Gatsby, React

A Static Future

The magic of compile-time workflows

As static sites enjoy an incredible resurgence in popularity, I've seen a lot of misconceptions around exactly what tools like Gatsby are capable of.

Specifically, I've heard from some friends that liked the idea of using Gatsby, but worried that their project was "too dynamic". Sometimes this meant that they expected to need a database, and other times they were concerned that their site was too interactive.

After building a handful of Gatsby projects, I feel more convinced than ever that Gatsby can do just about anything. And even more than that, I think static-driven approaches are the future for dynamic, interactive, data-driven websites and web applications.

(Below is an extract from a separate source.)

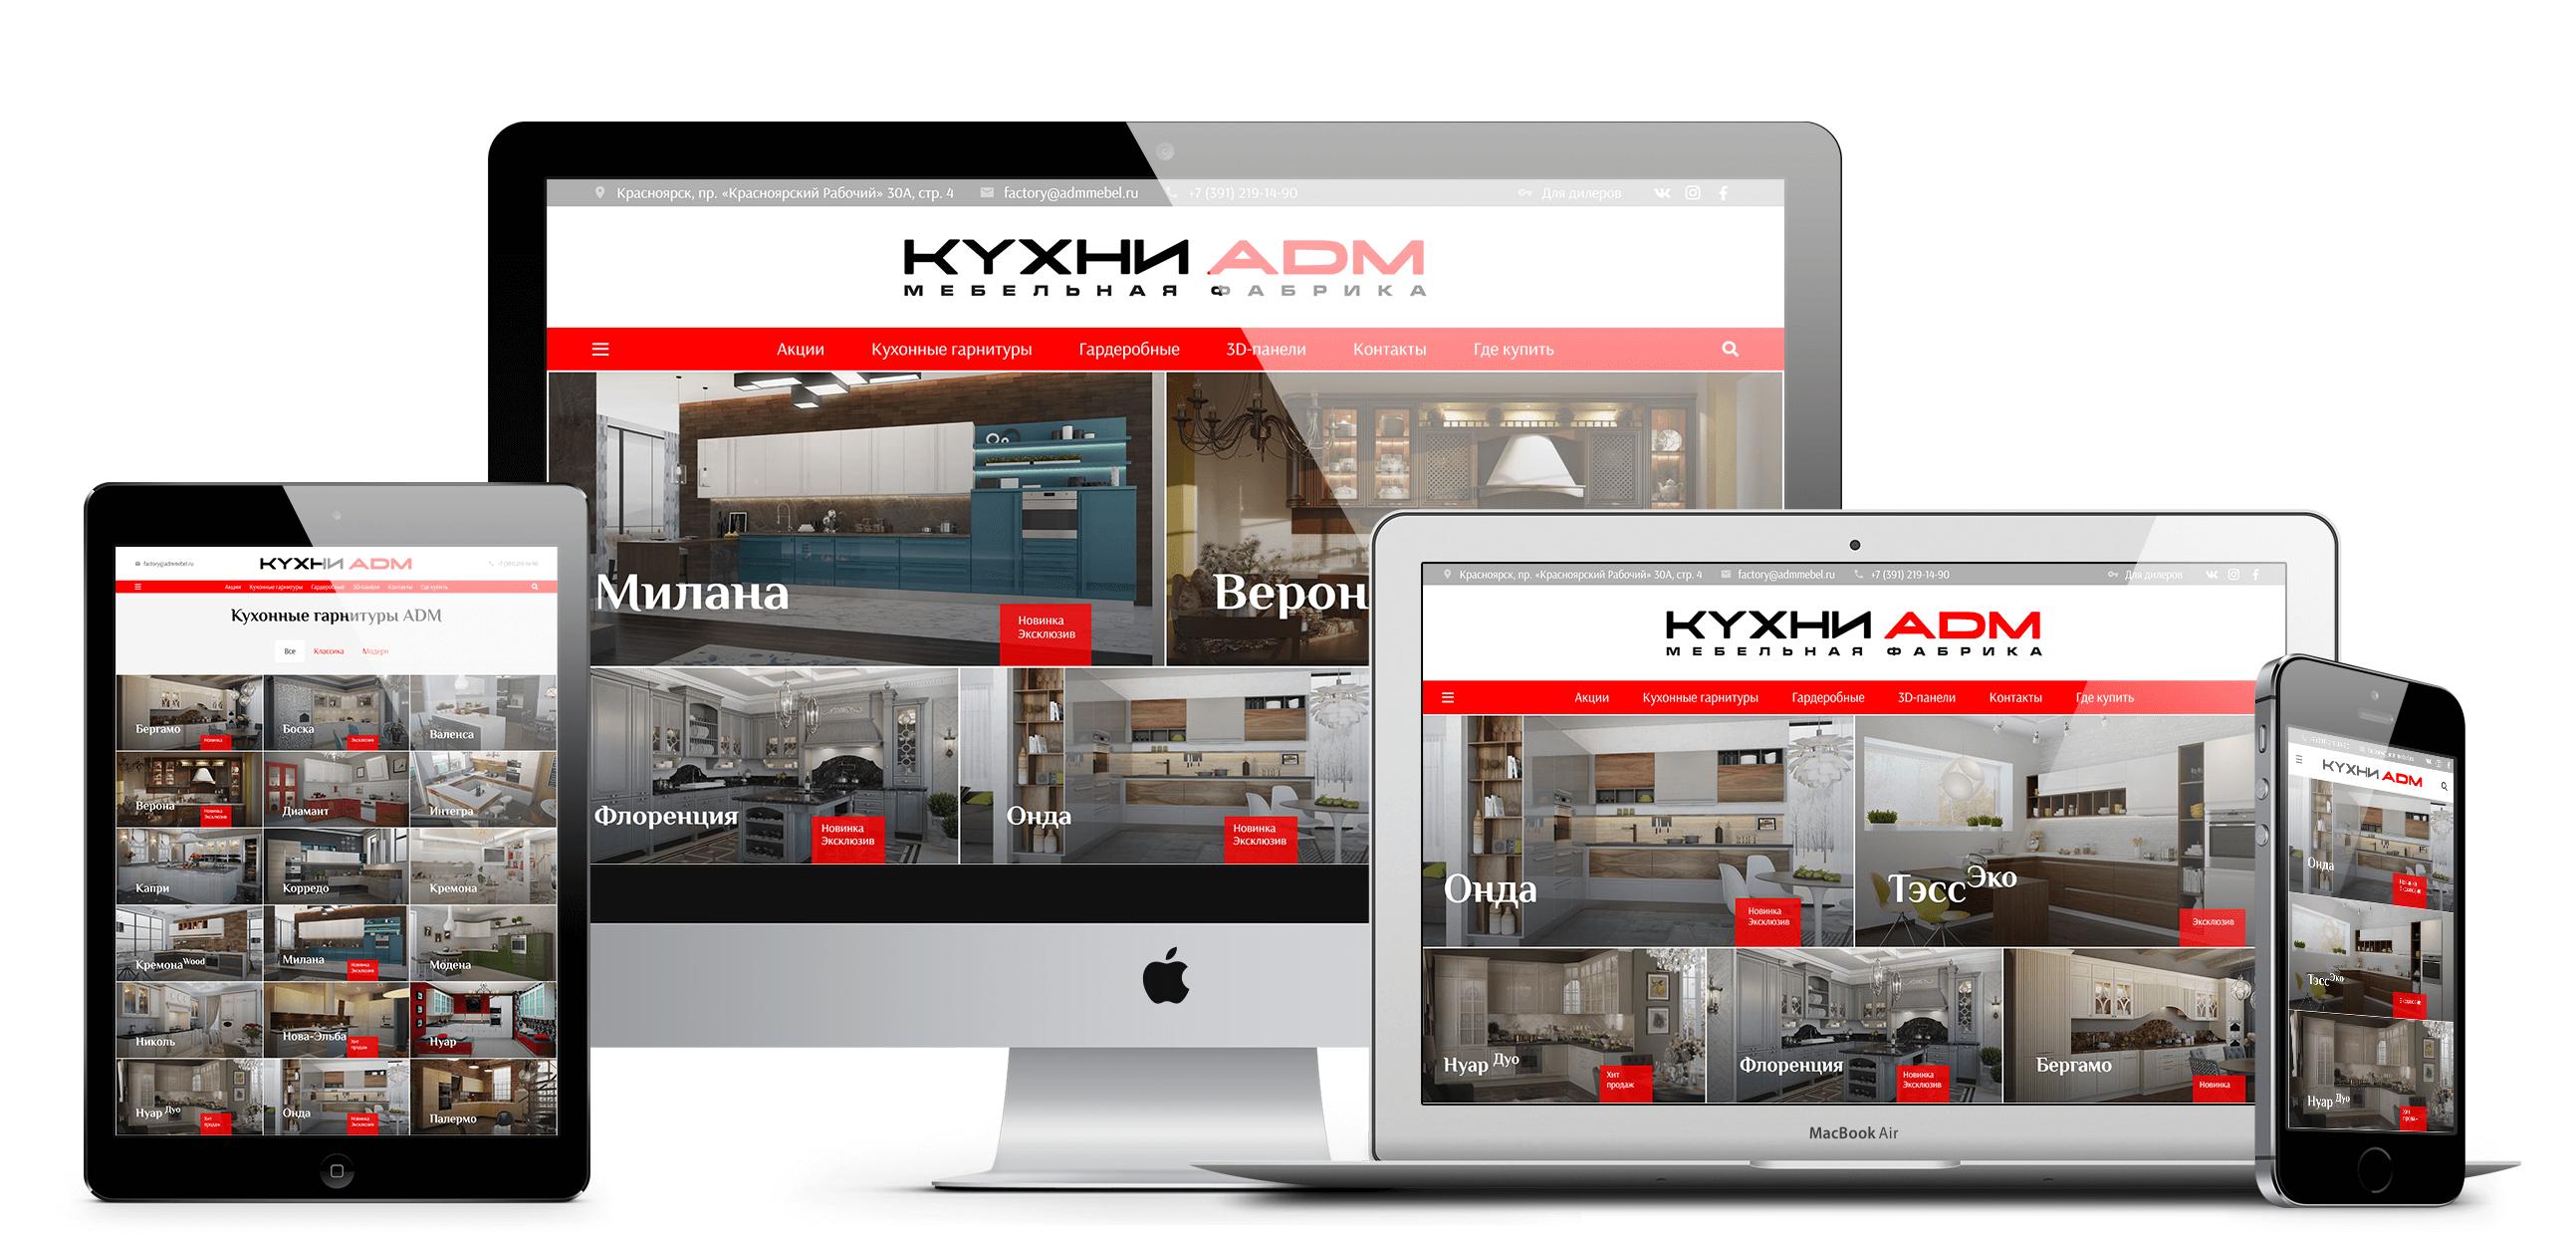 Третья версия сайта мебельной фабрики «Кухни ADM»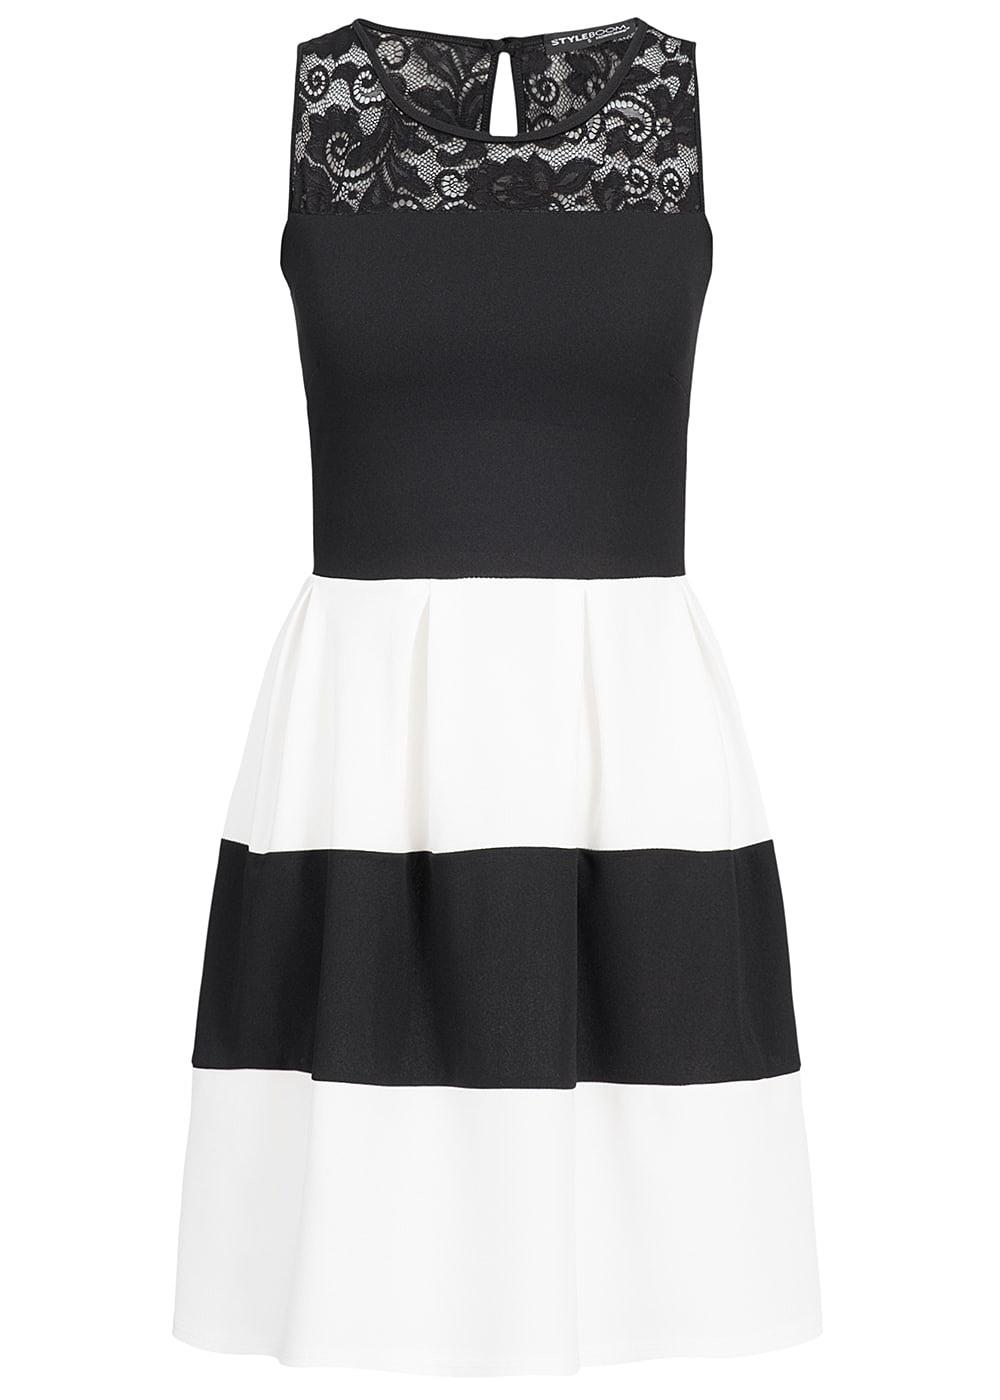 13 Spektakulär Damen Kleider Schwarz Weiß DesignDesigner Erstaunlich Damen Kleider Schwarz Weiß Stylish

Today I'd like to talk about it.

Defining “Static”

The term “static” can be a little overloaded, and occasionally a little misleading. Here's how I'd define it:

A static website is a website where the initial HTML is prepared ahead of time, not dynamically generated by a server on request.

When you make a request to this website, for example, Netlify serves pre-generated HTML to you. I don't have a Node server dynamically rendering HTML documents on-the-fly.

This might sound very limiting to you, but my hope today is to convince you that actually, this is a have-your-🍰-and-eat-it-too situation. The benefits of static generation don't have to come at the cost of rich, dynamic applications!

It's still React

Gatsby and Next.js are both wrappers around React. Anything you can do with React can be done with Gatsby or Next.

For example, last year I built a generative art tool called Tinkersynth:

Tinkersynth is a tool that lets users create unique generative art by tweaking whimsical controls. As you might expect, there's a lot of client-side JS involved. I'm even taking advantage of specialized browser APIs; calculations are done in a web worker and painted to an OffscreenCanvas.

I initially created this project with create-react-app, and migrated it to Gatsby because I wanted to improve its load performance without spending too much time going down that rabbithole.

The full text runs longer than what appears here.